Поля зерновых были все скошены, несколько дней мы уже были на скирдовании, как вдруг оказалось, что одна узкая полоса скошенной пшеницы еще лежит в валках, т. е. не сложена еще в копны. Туда была направлена наша молодежная группа. Неожиданно в эту ночь ударил первый мороз. Всё вокруг покрыто инеем. Недолго думая, я надела большую фуфайку (на которой я спала), повязала голову платком, а на ноги натянула свои толстые шерстяные носки. Ботинок не было. Еще недалеко мы отошли от полевого стана, как носки мои промокли — от тепла моих ног. Ноги мёрзли. На поле стало совсем плохо. Носки цеплялись за стерню. Я их сняла, свернула и вместе с комками земли поместила в карманы фуфайки. Босиком в поле по стерне, покрытой инеем… я, конечно, отстала от своих подруг…

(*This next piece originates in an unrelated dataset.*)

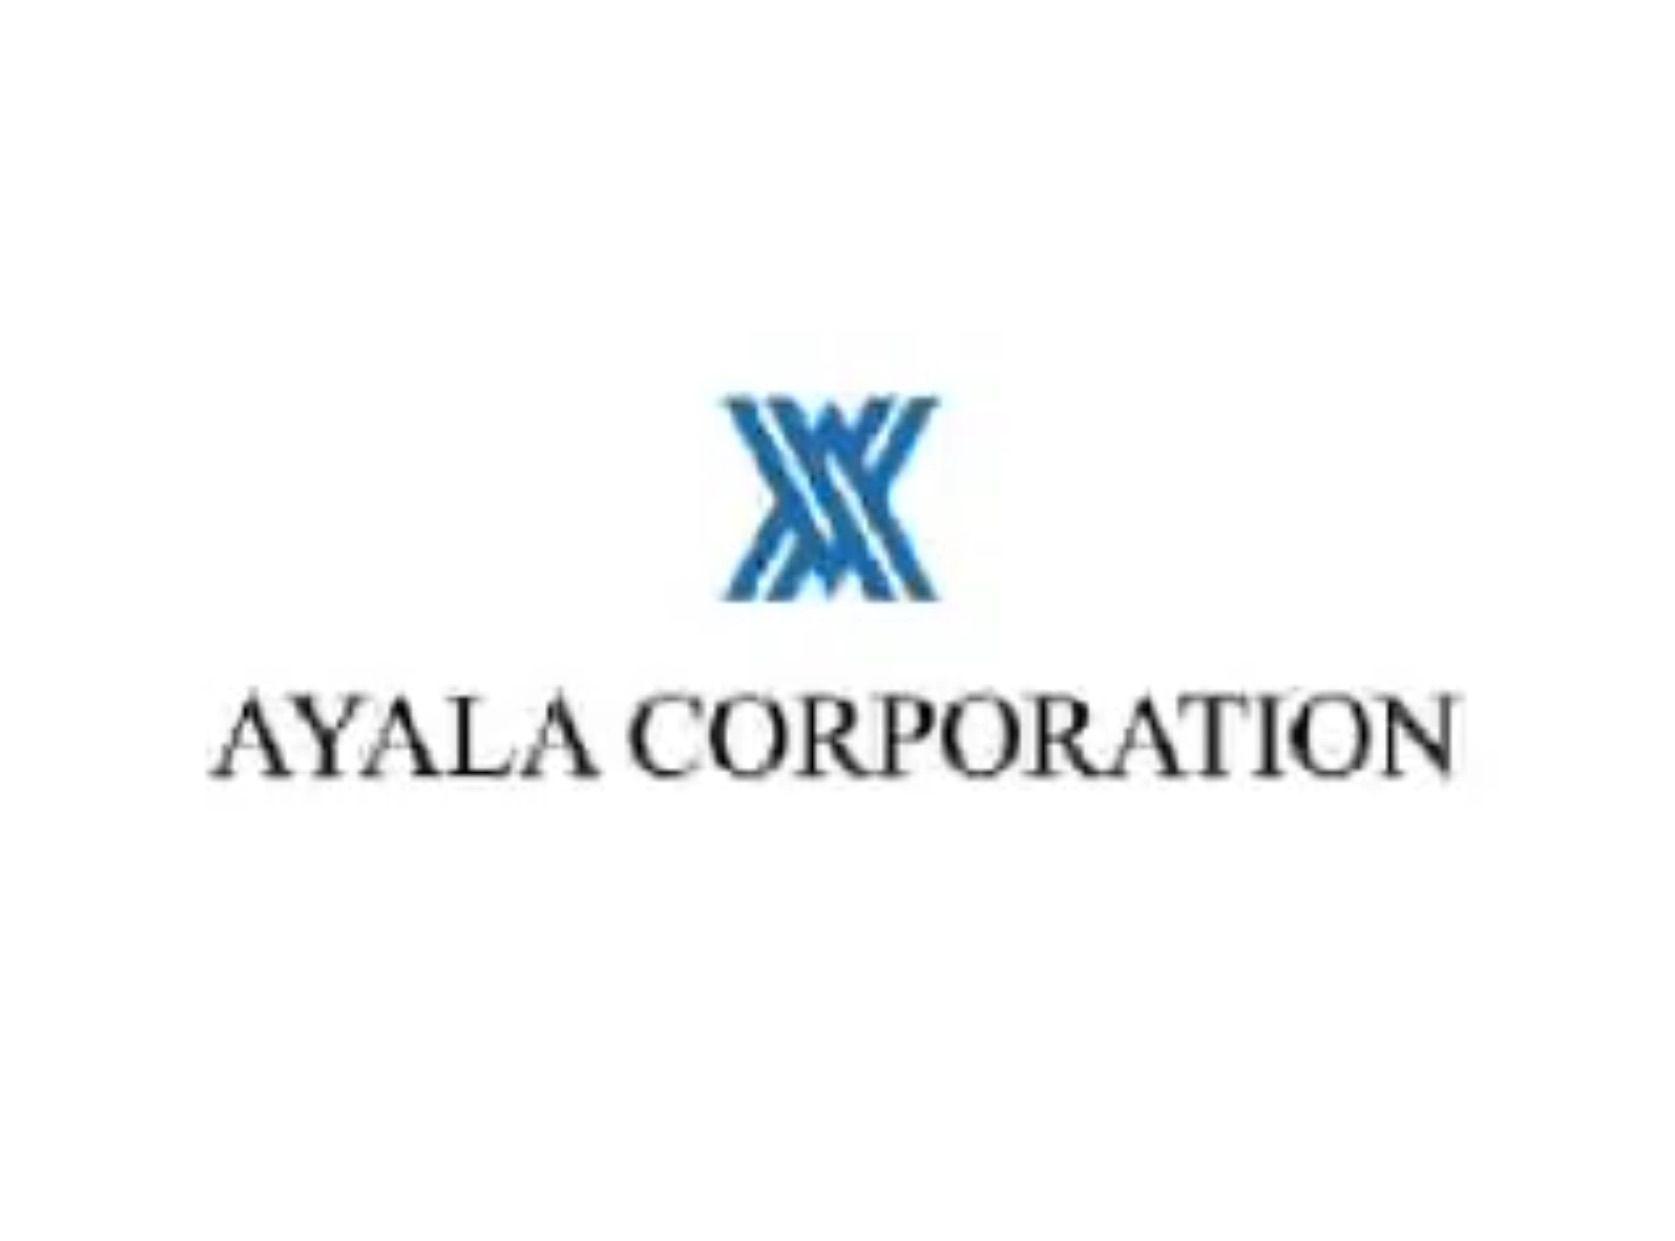 Ayala Logo - Ayala Corporation | Logopedia | FANDOM powered by Wikia

Потом восходящее солнце привело к таянию инея, и земля постепенно прогрелась. После этого нам выпало еще много теплых солнечных дней.
Урожай был убран с полей и сложен в стога на токах. Настала пора молотить зерно. Поздним вечером перед первым днем молотьбы установили на току вблизи нашего лагеря непосредственно у стога пшеницы молотилку. Было объявлено, что только на один день дали нашему колхозу эту машину. В лагере в это время было совсем мало людей. Война кончилась, и некоторые из молодых женщин уехали из Кучука к своим родственникам на Украину или просто в дальние края в поисках счастья…

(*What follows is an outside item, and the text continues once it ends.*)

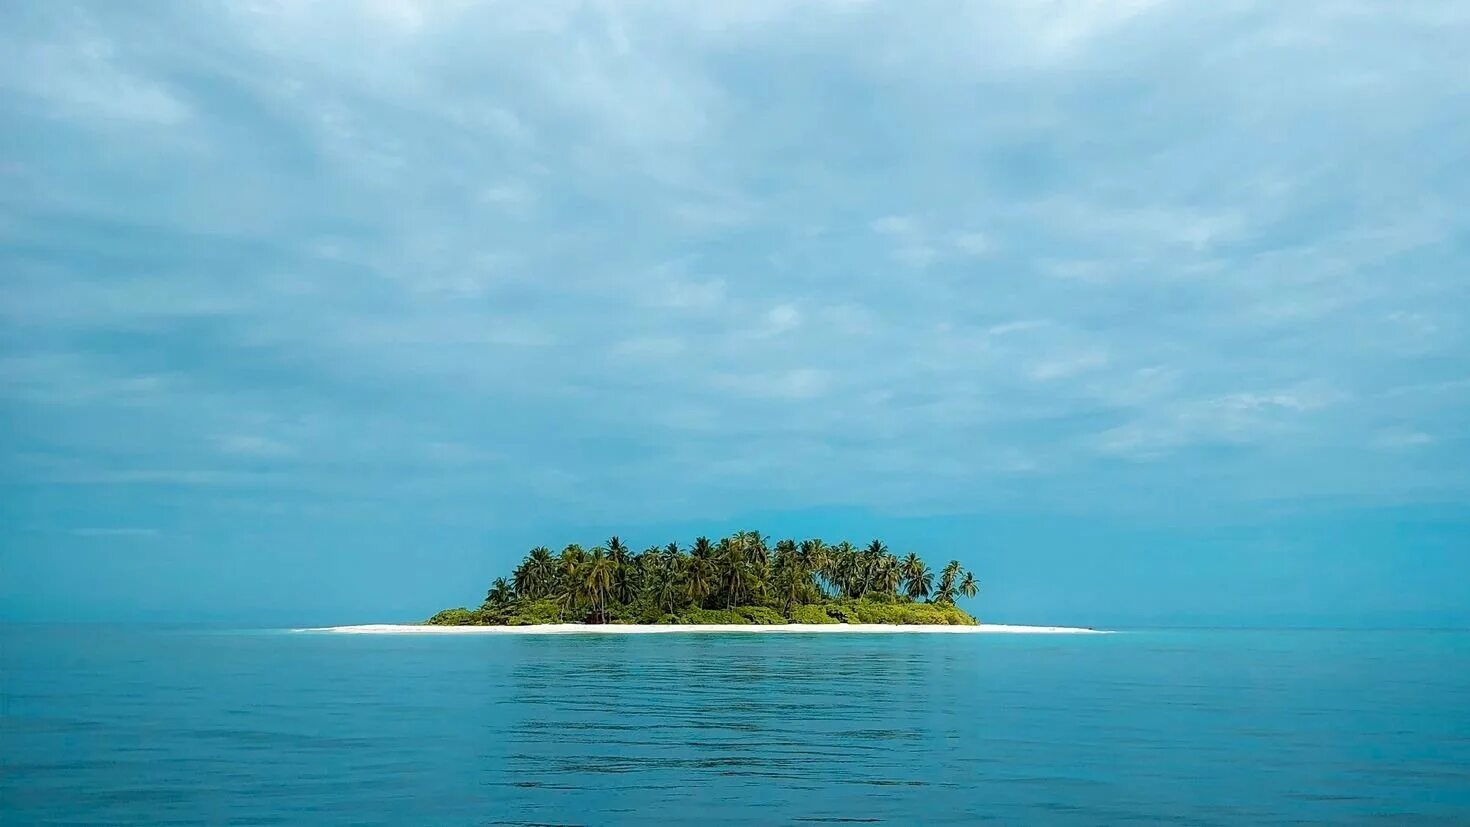 Океан и два острова. Андаманские острова. Острова и море. Остров на горизонте. Остров в океане.

И получилось так, что людей не хватало, чтобы полностью обслужить молотильную установку. Еще на заре мы собрались на току и нам сказали, что к нам на помощь придут несколько женщин из села, но когда они придут — неизвестно. А начинать надо сейчас же, не то не успеем перемолотить стог.

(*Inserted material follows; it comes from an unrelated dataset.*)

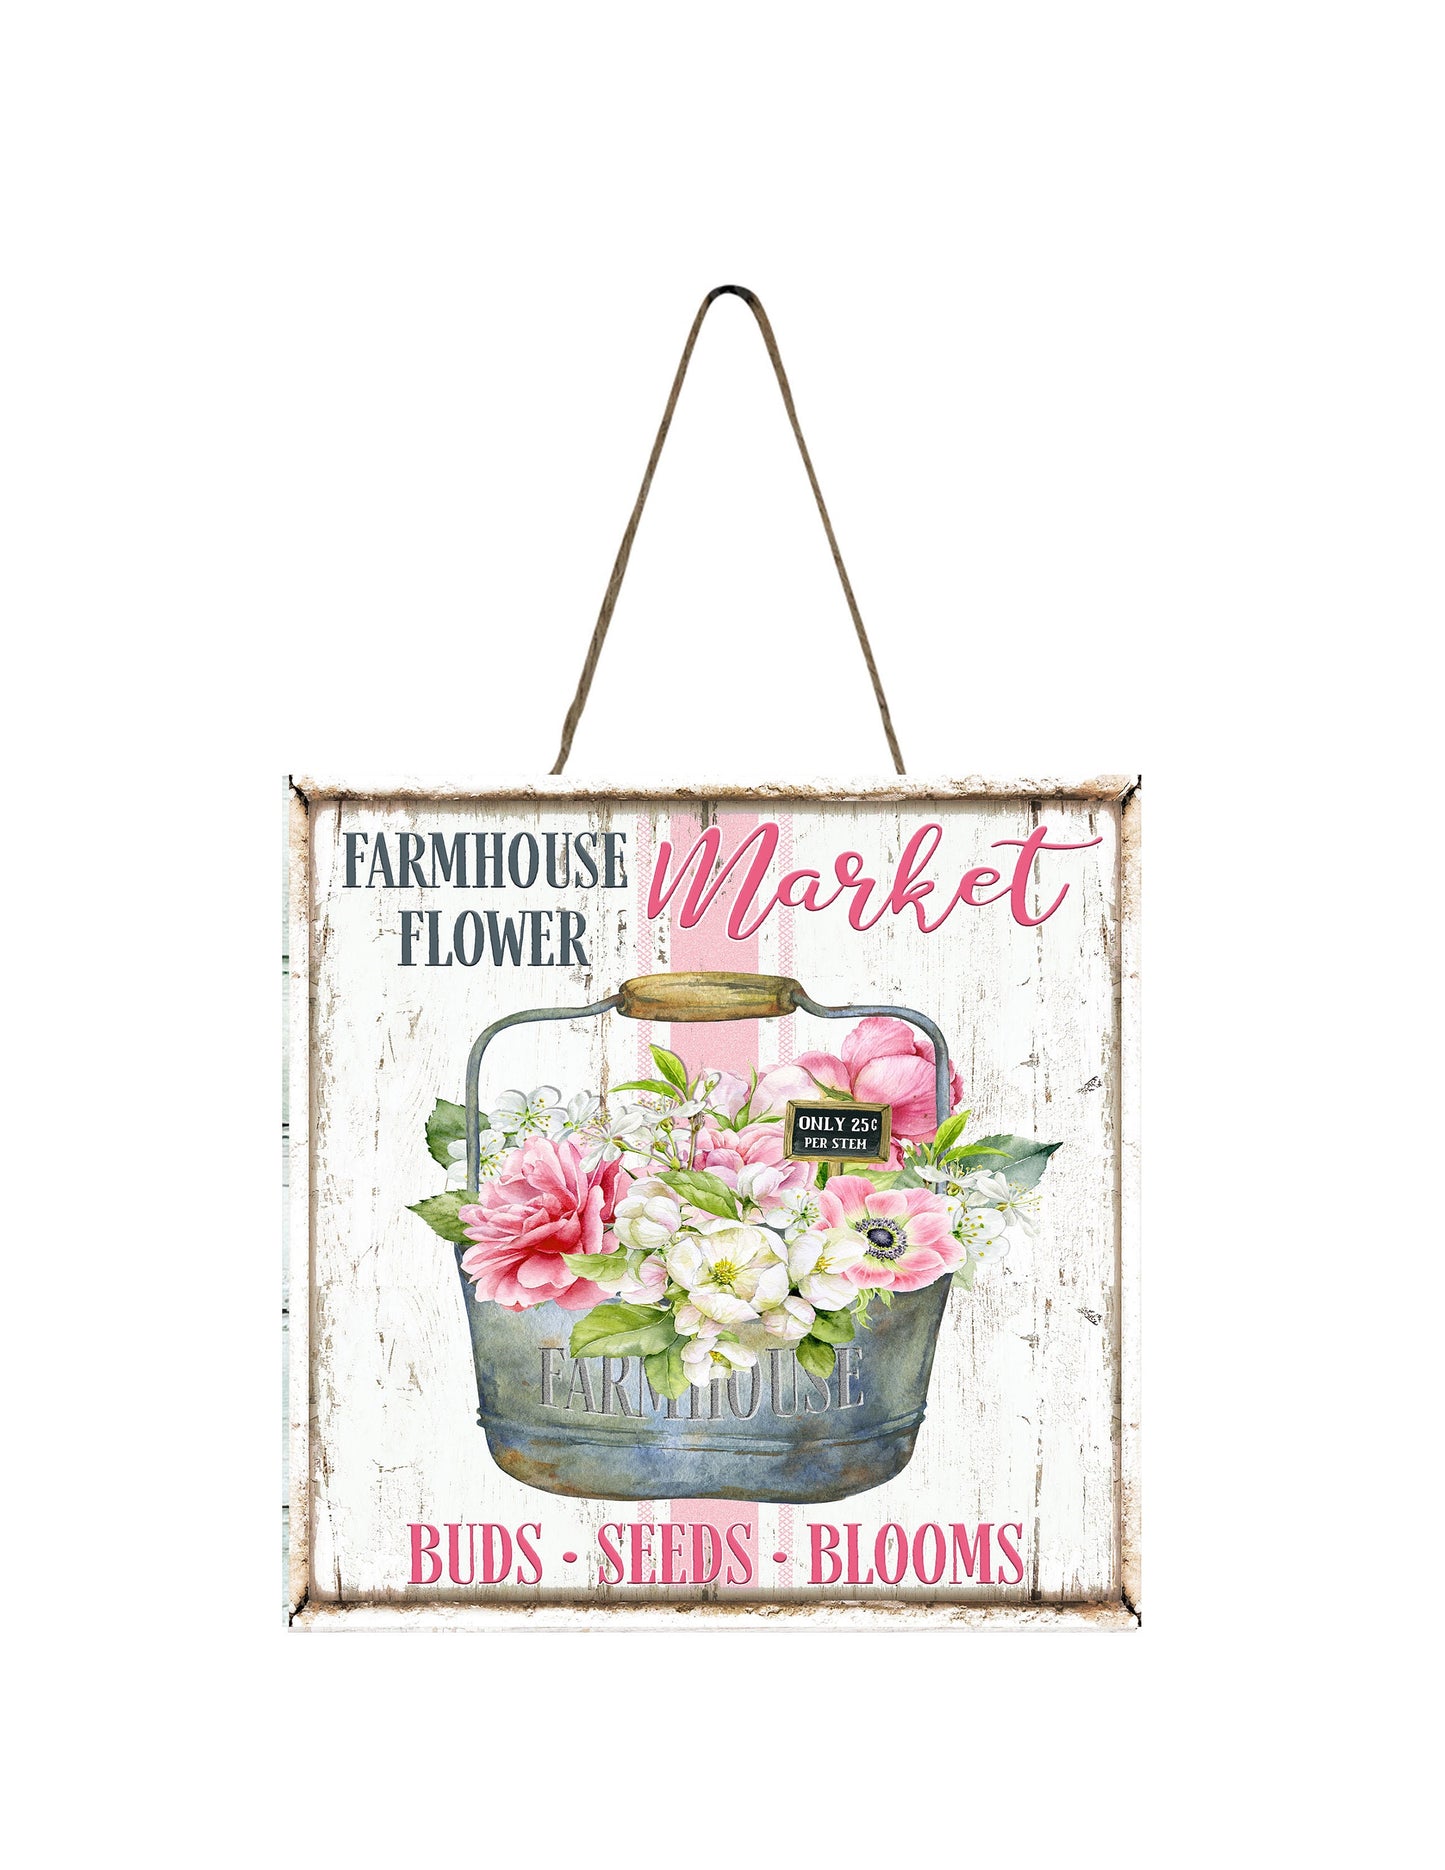 Farmhouse Flower Market Printed Handmade Wood  Mini Sign

Самая тяжелая работа при молотьбе — это подавать снопы со стога в бункер. Обычно эту работу выполняют не менее пяти человек, теперь же справиться с этим предстояло троим. Меня поставили отгребать полову подальше в сторону и в то же время отодвигать кучами назад солому, чтобы дать возможность захватить её большими граблями в конной упряжке и перевезти подальше от тока. Кто-то из женщин со стога возмущенно кричал бригадиру: «Она же не справится одна у соломы и половы. И мы тут втроем не справимся. Молотилка будет больше вхолостую крутиться!» Бригадир же гневно скомандовал: «Завести молотилку!» И с грохотом началась молотьба. Хуже всего мне пришлось переносить пыль, вернее, бороться с ней. Уже через короткое время я едва могла дышать. И нос, и рот полны пыли. Я выскочила на свободу, сорвала платок с головы, очистила, как могла, горло и нос, вдохнула воздуха, завязала лицо платком — и снова в этот ад. И соломы, и половы набралось много, и мне с трудом удавалось удалять набиравшиеся массы. Постепенно я пришла в такой ускоренный режим работы, что сама себе казалась заведенной машиной. Еще пару раз я выскакивала, чтоб вдохнуть воздуха, и даже не заметила, что прибыли женщины из села. И вдруг я увидела свою сестру Эллу. Она шла с распростёртыми руками в мою сторону: «Сестричка моя, детка моя», — она потянула меня из этого пыльного ужаса и передала мои вилы одной из женщин. Со слезами она вытирала своим платком слой пыли с моего лица. «Я тебя не могла найти и спросила, где же моя сестра, почему её нет на молотьбе? И мне показали на тебя. И ты всё это время была одна здесь?» Она не переставала плакать. «Ничего страшного не произошло», — успокаивала я её. Затем мы эту работу выполняли вчетвером. В этот вечер меня отпустили домой с моей сестрой, чтобы мы смогли вымыть мне голову, т. к. никаким гребешком невозможно было расчесать волосы.
На следующий вечер Элла пришла из своей пошивочной мастерской домой с очень печальным известием — наш двоюродный брат, сын тёти Анны, Александр Роор погиб. Как политический заключенный он погиб в одной из угольных шахт в Воркуте. Берта, сестра Анны (и наша тётя) получила это известие, и завтра она пойдет в Родино (а там она отметится в комендатуре), чтобы передать своей сестре это жестокое известие. Любимая моя тётушка Анна — её единственный сын, её надежда и гордость.